EU/3/18/2098 - orphan designation for treatment of papillary thyroid cancer

Papillary thyroid cancer is a type of cancer affecting the thyroid, a small gland at the base of the neck that produces thyroid hormones.

The thyroid has two main cell types: follicular cells, which produce hormones that help regulate growth and metabolism (the process of breaking down substances in the body), and parafollicular cells, which produce calcitonin, a hormone that helps to regulate calcium levels in the blood.

Papillary thyroid cancer starts in the follicular cells and it can spread to other parts of the body. Signs of papillary thyroid cancer are difficult to detect in the early stages of the disease and are usually limited to local swelling of the thyroid gland. Patients are often diagnosed when the disease has spread locally giving symptoms such as shortness of breath, difficulties in swallowing or changes in the voice.

Papillary thyroid cancer is a long-term debilitating disease which is life-threatening if it does not respond to treatment and if the cancer spreads to other parts of the body.

At the time of designation, papillary thyroid cancer affected approximately 3.3 in 10,000 people in the European Union (EU). This was equivalent to a total of around 171,000 people^*, and is below the ceiling for orphan designation, which is 5 people in 10,000. This is based on the information provided by the sponsor and the knowledge of the Committee for Orphan Medicinal Products (COMP).

At the time of designation, the main treatment for papillary thyroid cancer in the EU was surgery to remove the thyroid. Therapy using radioactive iodine (131I) to destroy thyroid cells was also used.

Hormonal therapy was used as an additional treatment for preventing recurrence of the disease. In addition, the medicines Nexavar (sorafenib), Lenvima (lenvatinib), Thyrogen (thyrotropin alfa) and doxorubicin were authorised for the treatment of papillary thyroid cancer.

The sponsor has provided sufficient information to show that larotrectinib might be of significant benefit for patients with papillary thyroid cancer. Early data indicate that patients in whom other treatments had failed responded to treatment with this medicine.

This assumption will need to be confirmed at the time of marketing authorisation, in order to maintain the orphan status.

Some patients with papillary thyroid cancer have genetic mutations (changes) called NTRK gene fusions which result in the production of altered TRK proteins that can cause cancer.

Larotrectinib blocks the activity of the altered TRK proteins, thus preventing or slowing down the growth of papillary thyroid cancer.

The effects of larotrectinib have been evaluated in experimental models.

At the time of submission of the application for orphan designation, clinical trials with the medicine in patients with papillary thyroid cancer were ongoing.

At the time of submission, larotrectinib was not authorised anywhere in the EU for papillary thyroid cancer. Orphan designation of the medicine had been granted in the United States for soft tissue sarcoma, solid tumors with NTRK-fusion proteins and infantile fibrosarcoma.
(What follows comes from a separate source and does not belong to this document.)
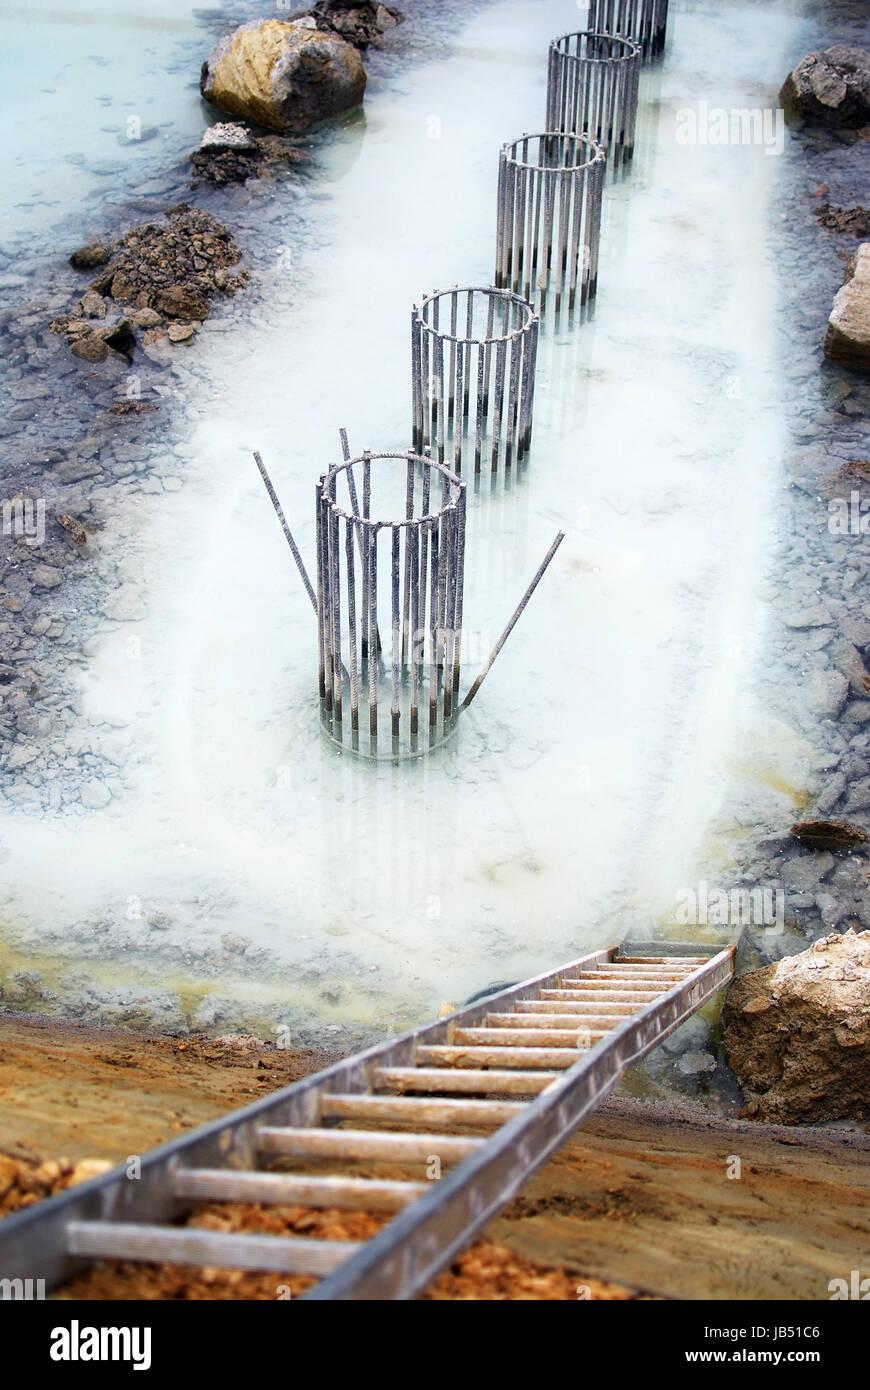 Fundament für Saeulen im Grundwasser Stock Photo

In accordance with Regulation (EC) No 141/2000 of 16 December 1999, the COMP adopted a positive opinion on 18 October 2018 recommending the granting of this designation.

• the seriousness of the condition;
• the existence of alternative methods of diagnosis, prevention or treatment;
• either the rarity of the condition (affecting not more than 5 in 10,000 people in the EU) or insufficient returns on investment.

Designated orphan medicinal products are products that are still under investigation and are considered for orphan designation on the basis of potential activity. An orphan designation is not a marketing authorisation. As a consequence, demonstration of quality, safety and efficacy is necessary before a product can be granted a marketing authorisation.